# Another 25yd Pyro



## M.J (Nov 1, 2010)

I've heard Bill Hays talk about visualizing the shot in order to make it happen. I personally couldn't have visualized myself lighting a match from 25yds away so thankfully Treefork posted a video of him doing it so I could visualize that instead  . It really was a matter of saying "well he can do it so I suppose I can, too", and then going out and doing it. I took around 50 shots at it and did get a little fire, mostly in my catchbox:






Sorry the vid quality sucks so bad! If you put it on full screen HD you can see what's going on. I just got a new phone today and was unfamiliar with how the videos it took would look. It looked fine in the viewfinder and I could make out the details of where I was standing and all that. I'll zoom in farther next time :iono:

I was hoping the camera would catch the smoke rising out of the catchbox as I was walking across the yard :lol: . The reason I think that it both lit and broke the match off is that I was shooting 000 (.36") lead buckshot so it transferred enough energy to do both. A tip from me to you: if you really want to light matches shoot lead. My ratio of hits to lights has gone way up since I started using it. I almost never get those hits that scrape the head and don't strike it. If I can put one on the green/white line it is very likely to light.
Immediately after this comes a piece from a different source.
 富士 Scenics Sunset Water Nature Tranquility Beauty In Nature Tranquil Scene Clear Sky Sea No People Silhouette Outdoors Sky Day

I'm going to want a little bit faster bands for 100'...

Thanks for the inspiration, Marty!


----------



## Charles (Aug 26, 2010)

Great shooting, MJ!!! Congratulations ... that is quite an accomplishment.

Cheers ..... Charles


----------



## GrayWolf (May 14, 2012)

Very nice shooting!!! You better invest in a 2nd 100ft. tape measure as well.
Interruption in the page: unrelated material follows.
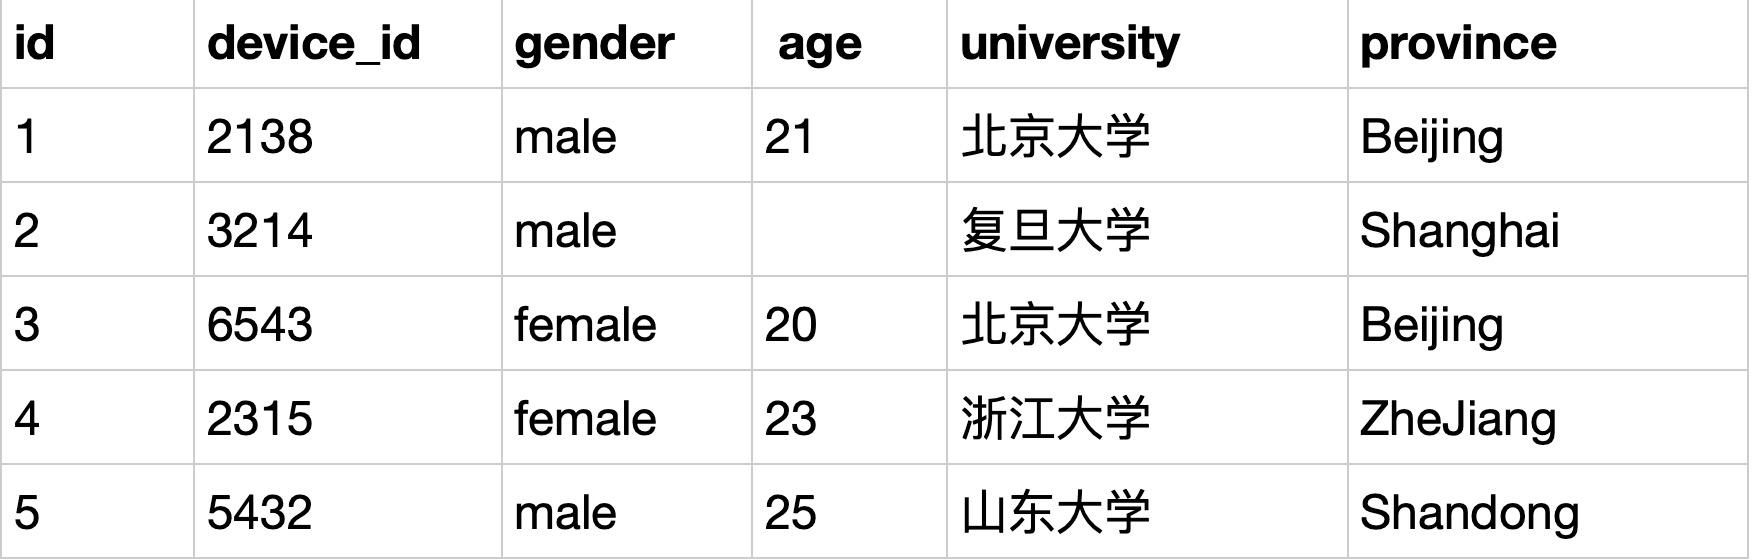 题目:作为区块链毕设学生网的数据分析师,现在运营想要针对20岁及以上且23岁及以下的用户开展分析,请取出满足条件的用户明细数据。                根据输入,你的查询应返回以下结果:

Keep going...the race to 100ft. is on.

Todd


----------



## Beanflip (Sep 11, 2010)

Great shot MJ. Thanks for the lead tip also. I haven't tried lead for matches.


----------



## oldmiser (Jan 22, 2014)

Nice going MJ...I will leave the match lites too you & Mr TreeFork..& a couple others that lite them up....

I my self would be glad to see a match @20 feet....So as for me I am just a poor old soda can killer..AKAOldmiser


----------



## LazarusLong (Dec 19, 2013)

GrayWolf said:


> Very nice shooting!!! You better invest in a 2nd 100ft. tape measure as well.
> 
> Keep going...the race to 100ft. is on.
> 
> Todd


LOL My race to 33 ft is onnnnnnnnnn. :boring:


----------



## treefork (Feb 1, 2010)

Good stuff. Try a set up with the camera facing you and behind the target. Makes an interesting video when you can see every detail.


----------



## M.J (Nov 1, 2010)

treefork said:


> Good stuff. Try a set up with the camera facing you and behind the target. Makes an interesting video when you can see every detail.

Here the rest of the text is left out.